Home Ross Revises Earnings Guidance in Face of Tariffs After Strong Q1
May 23, 2025

Ross Revises Earnings Guidance in Face of Tariffs After Strong Q1

Posted In: Retail Articles

Ross Stores reported it exceeded Wall Street expectations in the first quarter while revising sales and earnings guidance citing the impact of tariffs and ongoing inflation.

Net income was $479.2 million or $1.47 per diluted share, versus $488 million, or $1.46 per diluted share, in the year-earlier quarter.

An analyst consensus estimate from Zacks Investment Research pegged first quarter earnings per diluted share at $1.43 and revenue at $4.97 billion.

Comparable sales were flat year over year, the company noted. Sales were $4.98 billion versus $4.86 billion in the year-before quarter.
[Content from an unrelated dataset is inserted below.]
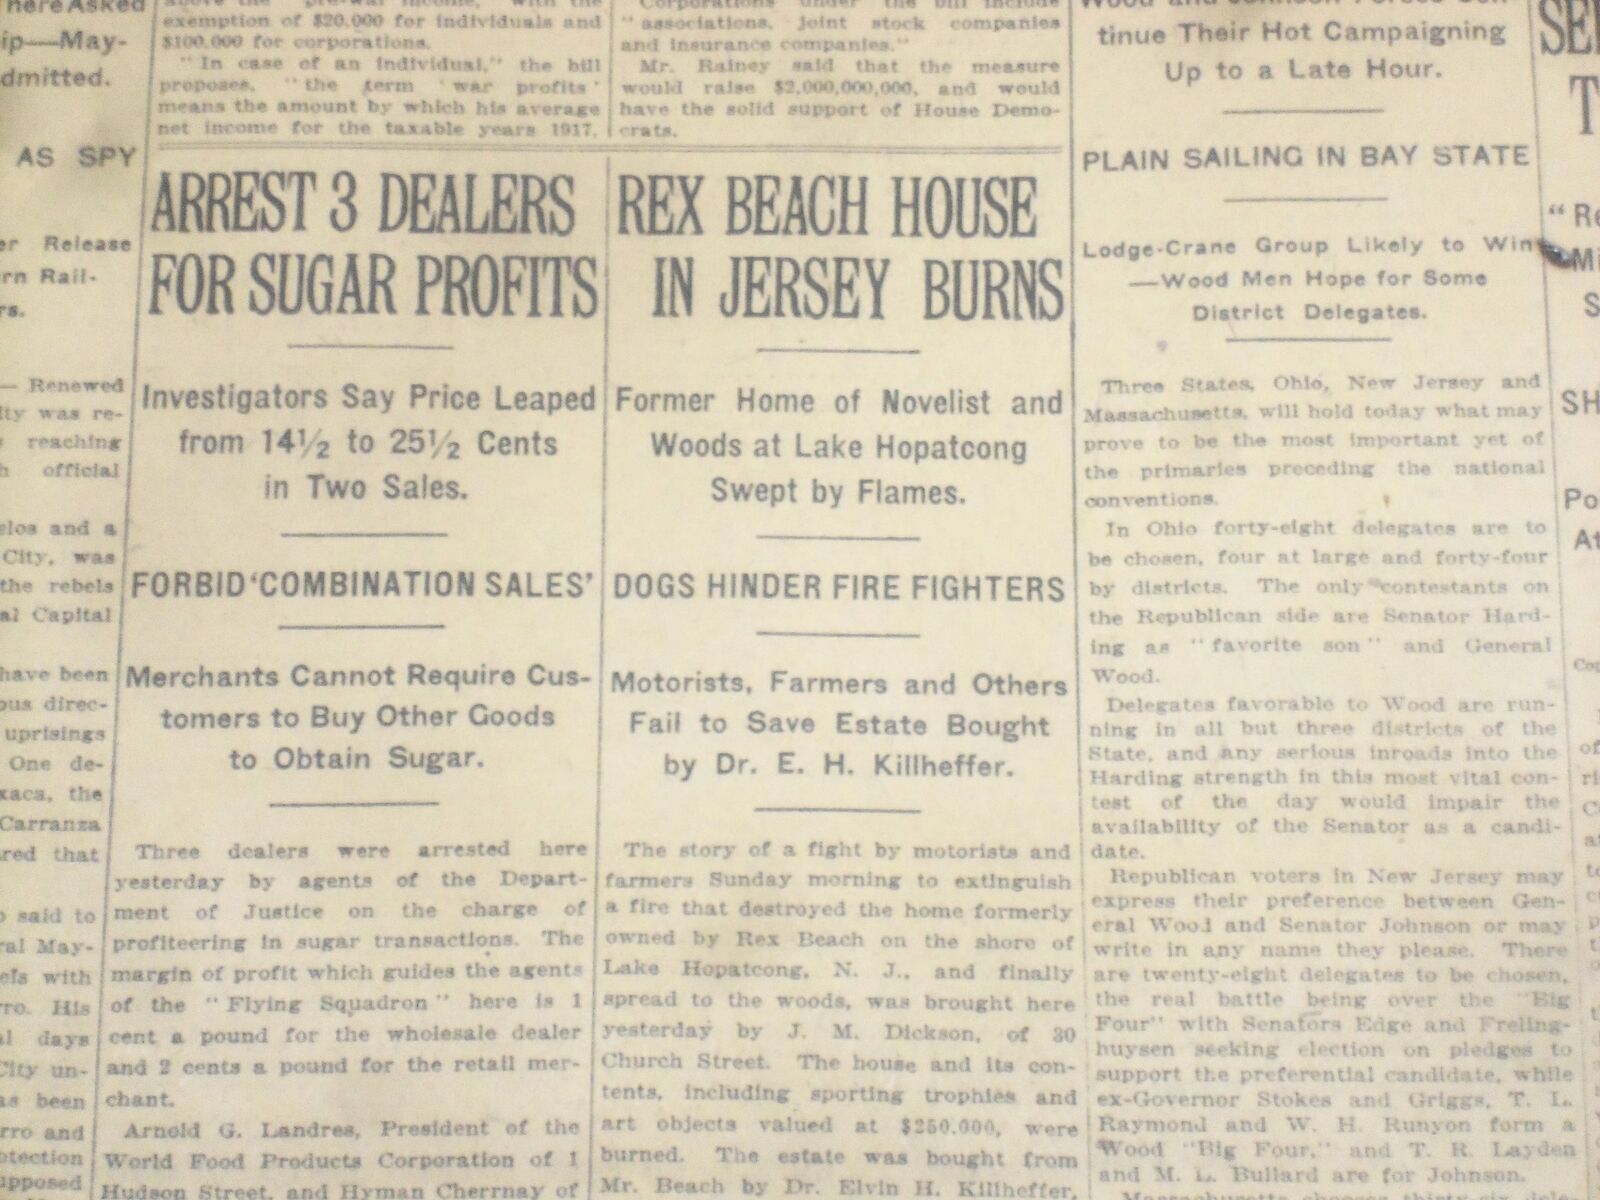 1920 APRIL 27 NEW YORK TIMES - REX BEACH HOUSE BURNS IN NEW JERSEY - NT 8292

Operating income was $606.5 million versus $591.1 million in the year-previous period.

Ross CEWO Jim Conroy said mounting macroeconomic and geopolitical challenges in the marketplace, notably prolonged inflation and evolving tariff activity, have created uncertainty in the market.

“While we directly import only a small portion of our merchandise, more than half of the goods we sell originate from China,” Conroy noted. “As such, we expect pressure on our profitability if tariffs remain at elevated levels. Given the varying nature of tariff announcements, we are only providing an outlook for the second quarter at this time and are withdrawing our previously provided annual sales and earnings guidance.”

In that outlook, Conroy said, “comparable store sales are now projected to be flat to up 3% on top of a 4% gain in the second quarter of last year. Earnings per share for the second quarter are now projected to be in the range of $1.40 to $1.55, versus earnings per share of $1.59 for the prior-year period ended August 3, 2024. This earnings guidance range includes an approximate 11 cent to 16 cent per share cost impact from announced tariffs.”

Conroy, in commenting about the first quarter results, said, “Despite the slower start to the spring selling season in February, our monthly sales performance improved sharply, month after month, for the balance of the quarter. For the first quarter, sales and earnings performed at the high end of our expectations while operating margin of 12.2% was flat year-over-year.”

Conroy added, “The volatility of trade policies and the corresponding impact on the economy, the consumer, and our profitability is highly unpredictable. During these uncertain times, we will focus on what we can control and manage the business conservatively. We have a seasoned executive team, a flexible offprice business model and a strong financial foundation that should enable us to navigate through this uncertain environment.”